→ Required action:
Retype the data below exactly; skip every image.

→ Data segment:
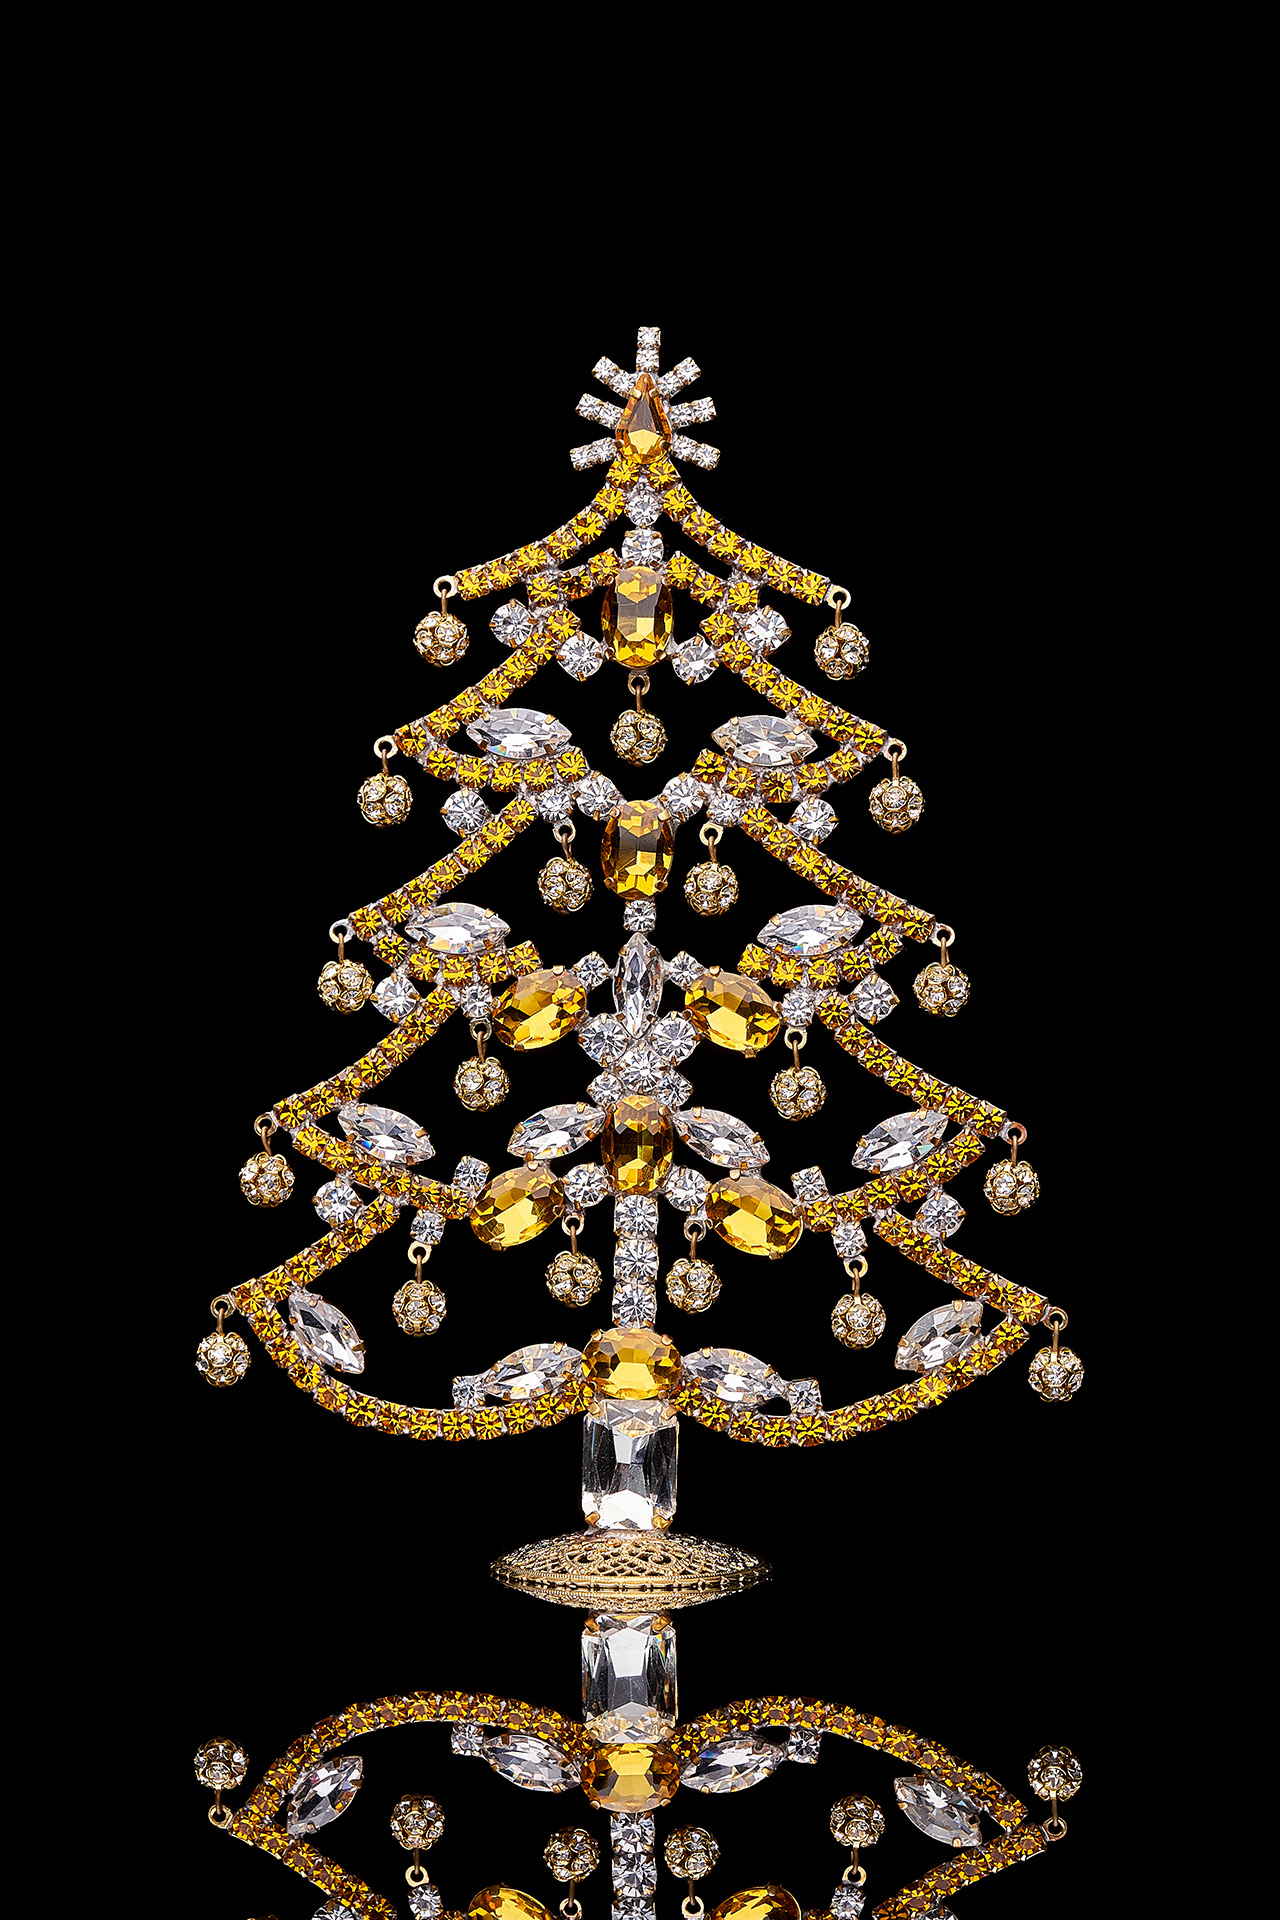 Crystalline Christmas tree decorated from yellow rhinestones
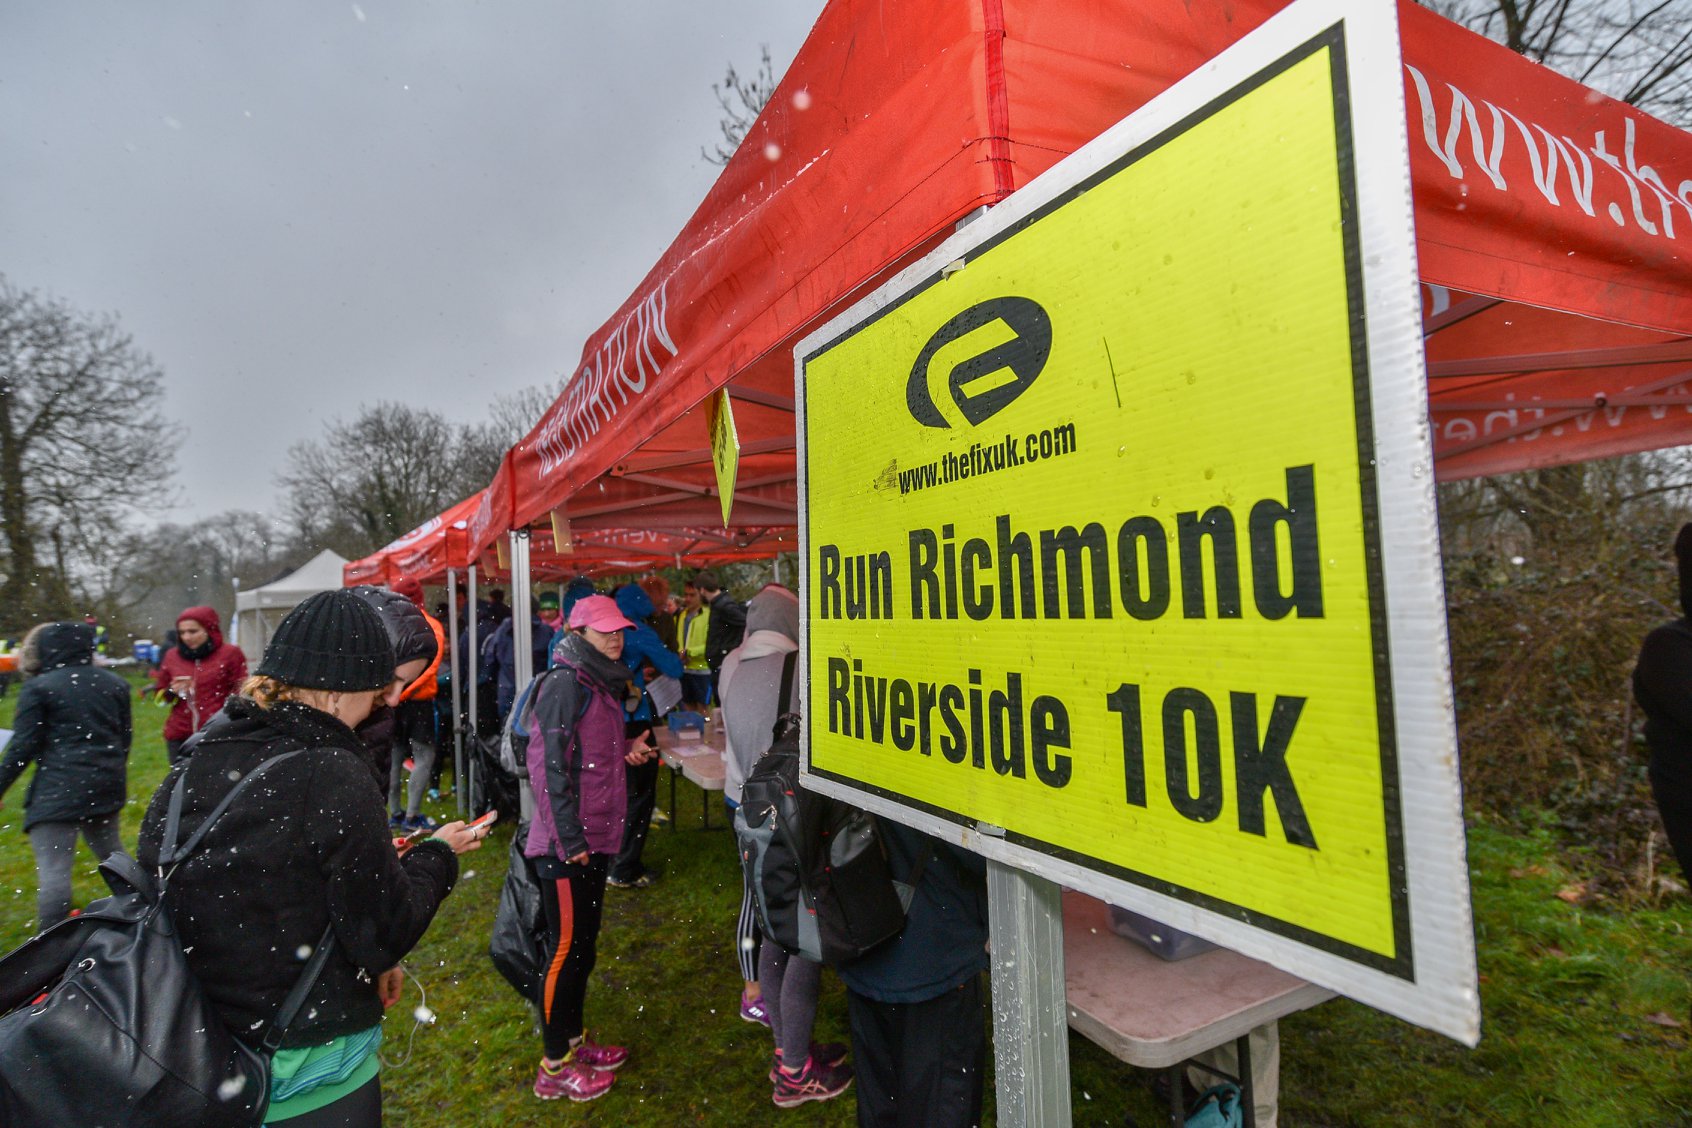 The 10k Richmond London Riverside Spring Run
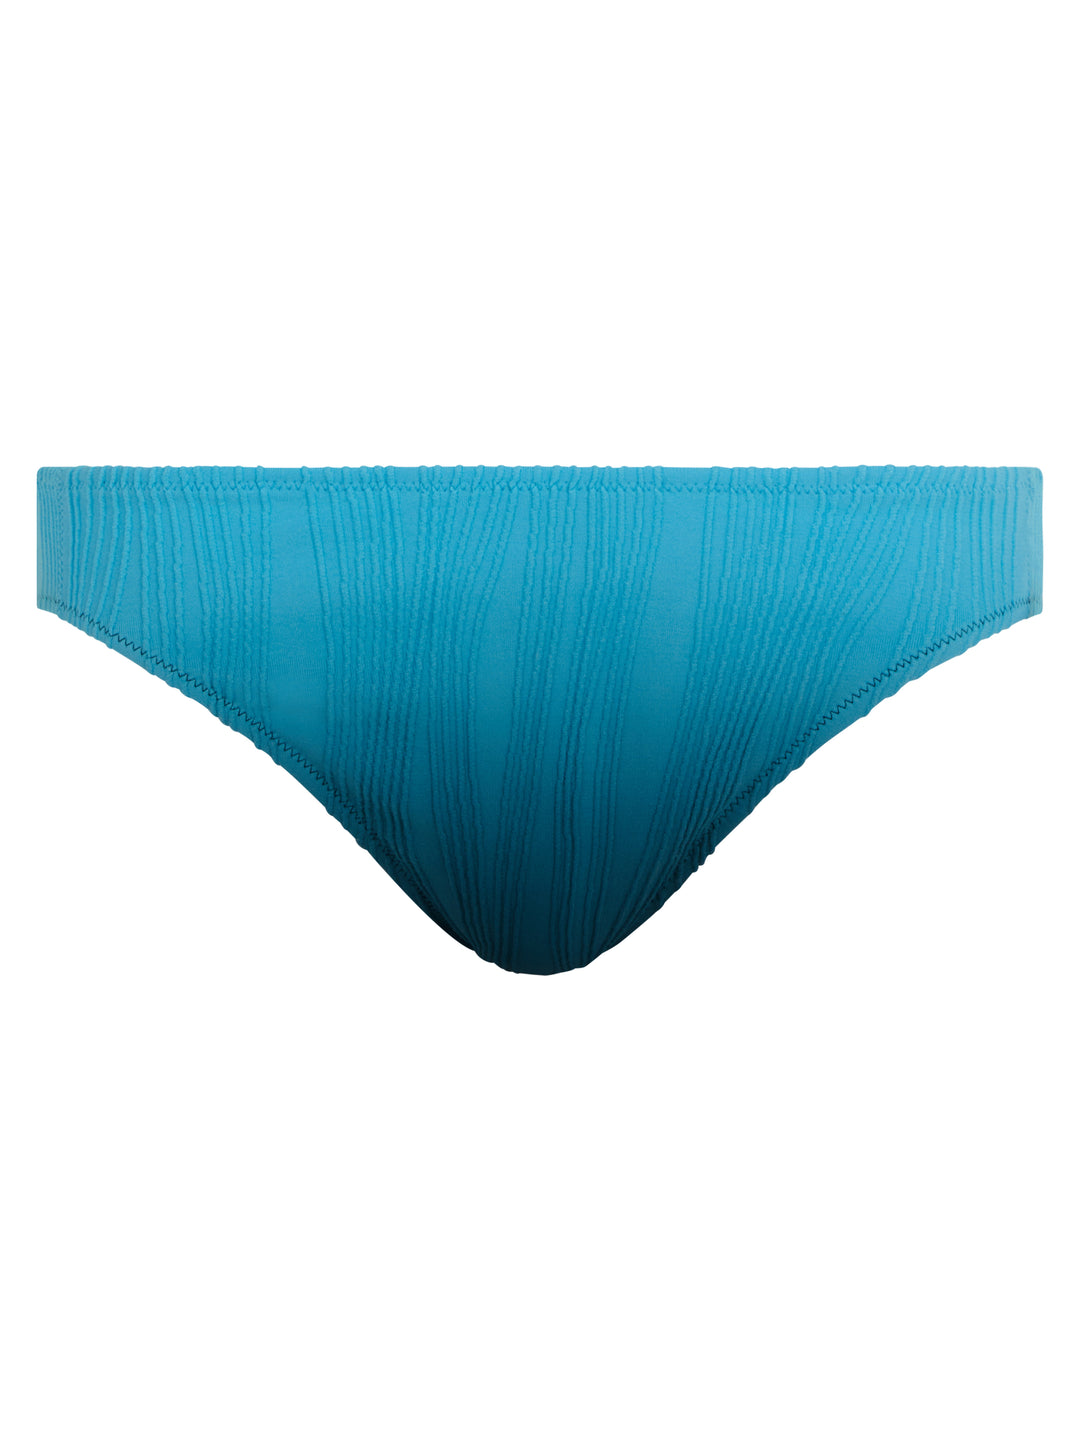 Chantelle Trajes de baño - Traje de baño talla única Braguita Tie & Dye azul
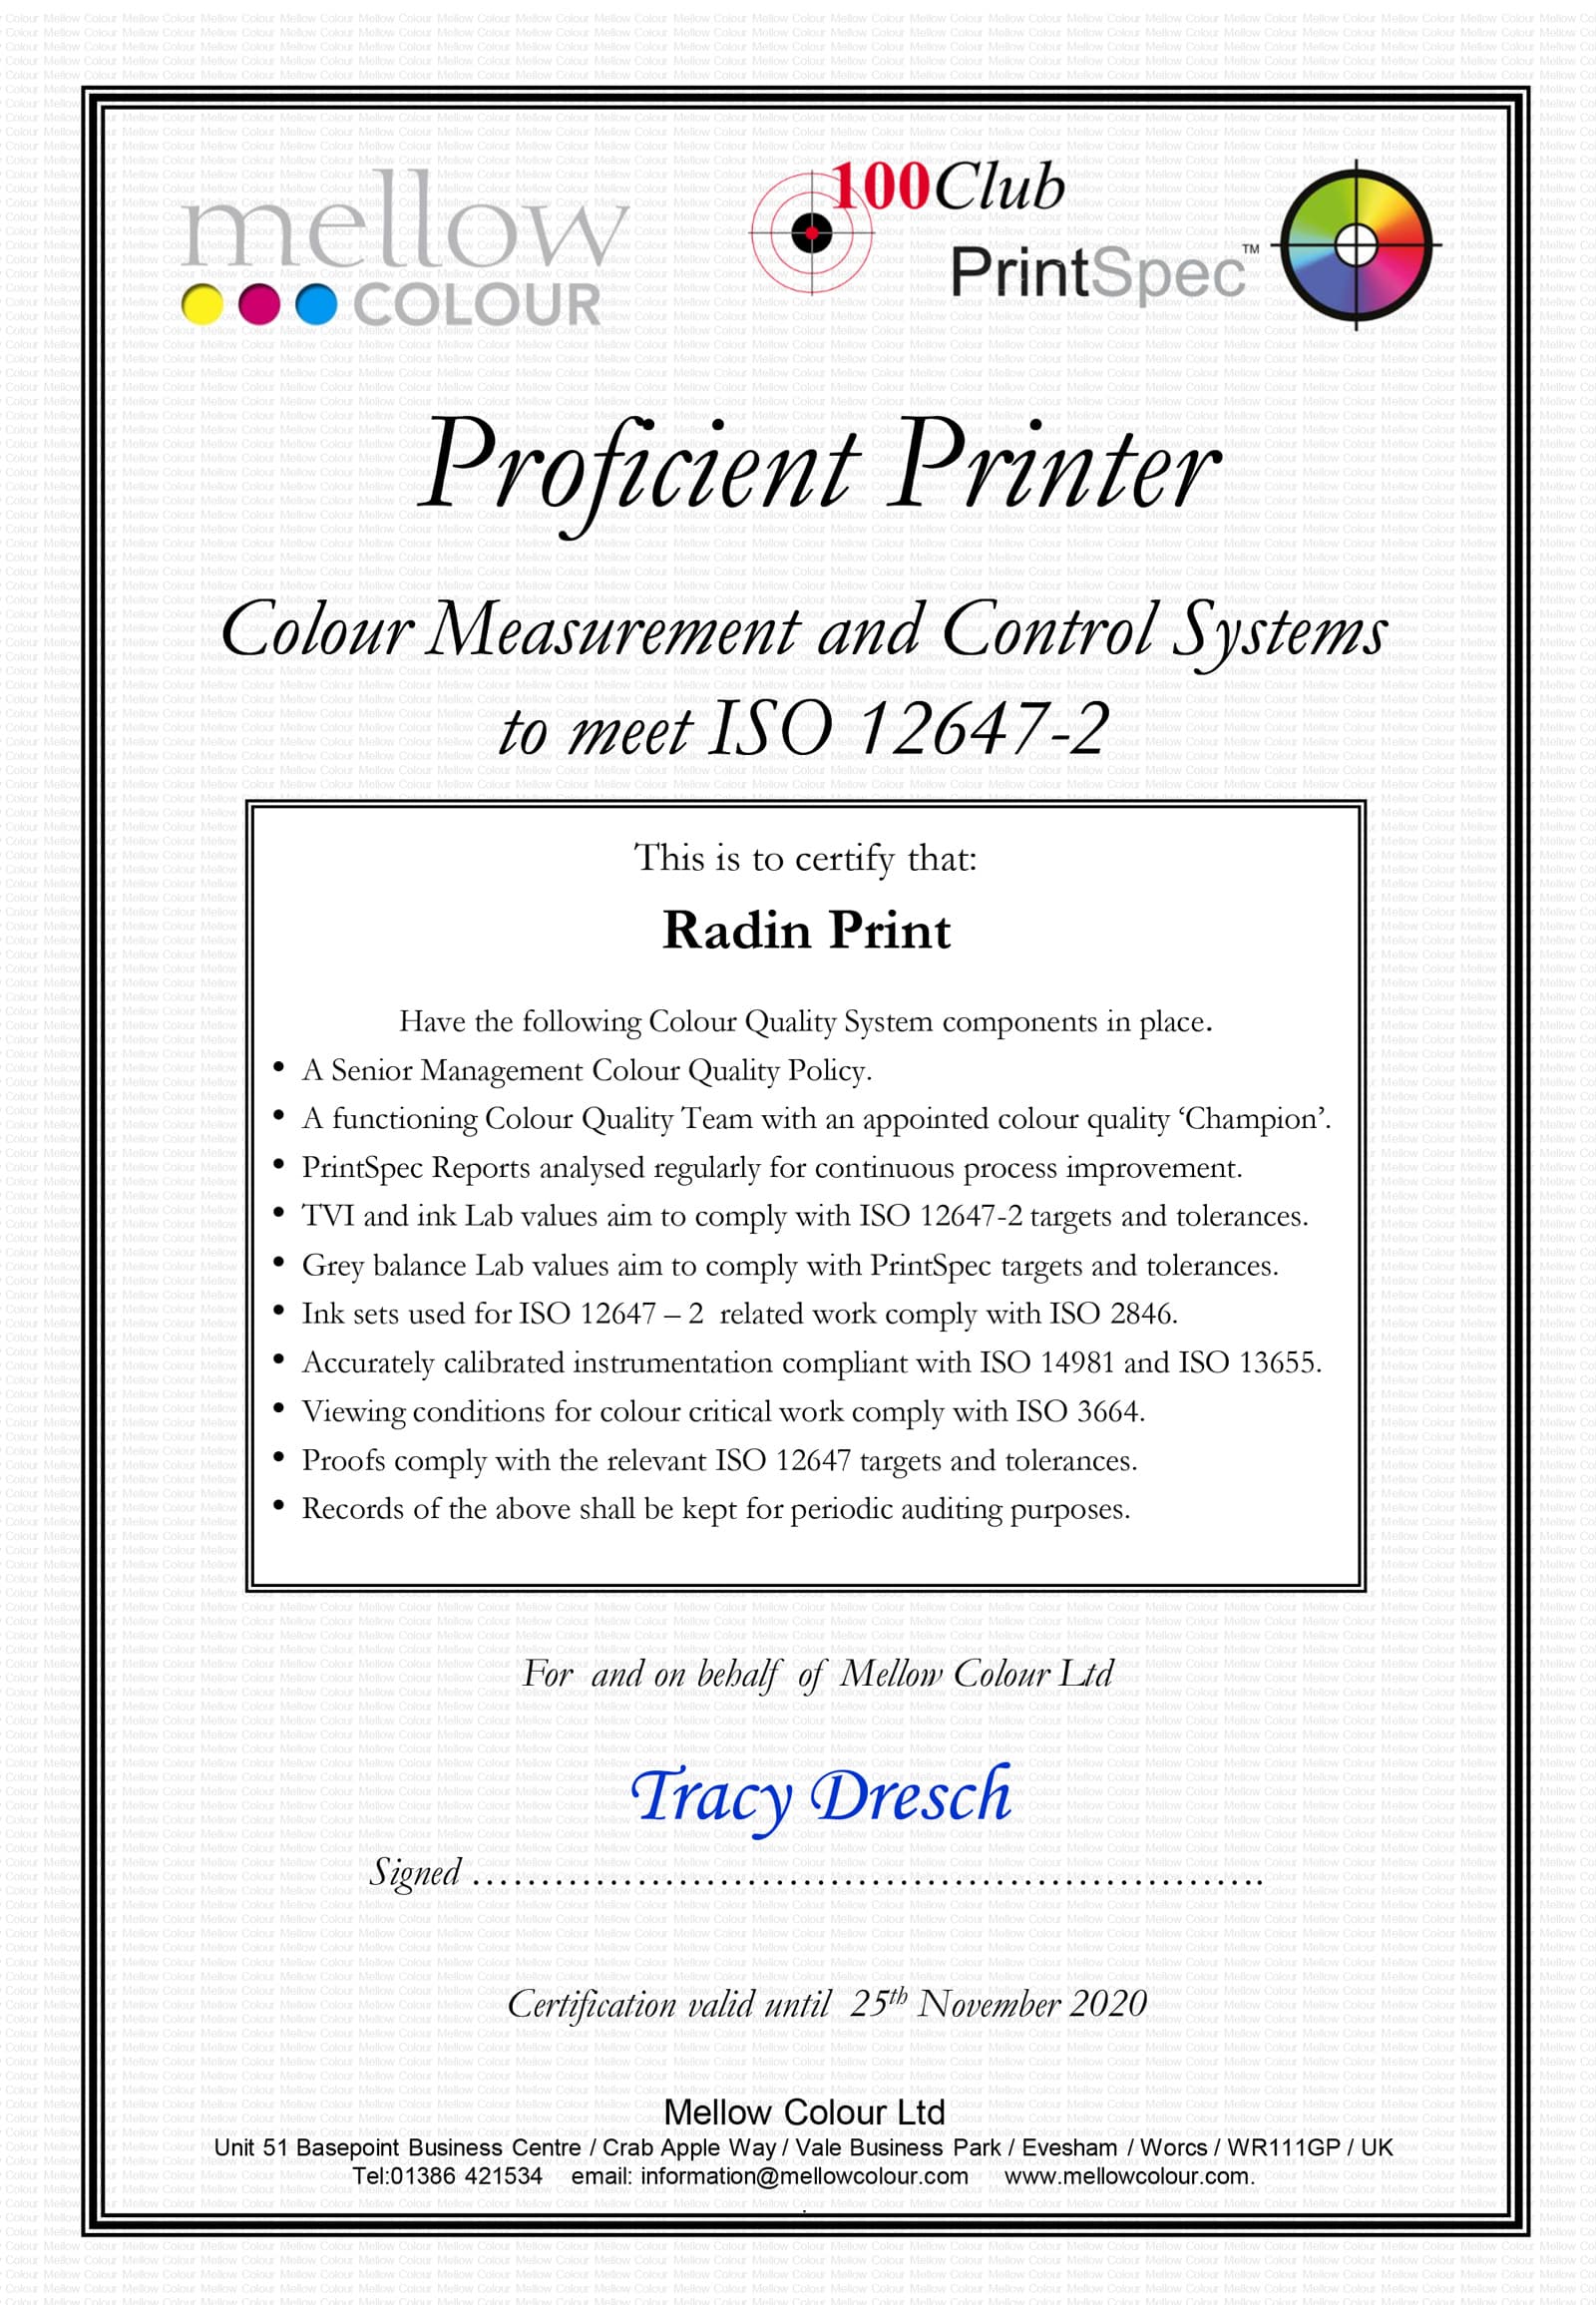 Radin - LIDL 2019 Proficient Printer Certificate

→ Response:
 Crystalline Christmas tree decorated from yellow rhinestones
 The 10k Richmond London Riverside Spring Run
 Chantelle Trajes de baño - Traje de baño talla única Braguita Tie & Dye azul
 Radin - LIDL 2019 Proficient Printer Certificate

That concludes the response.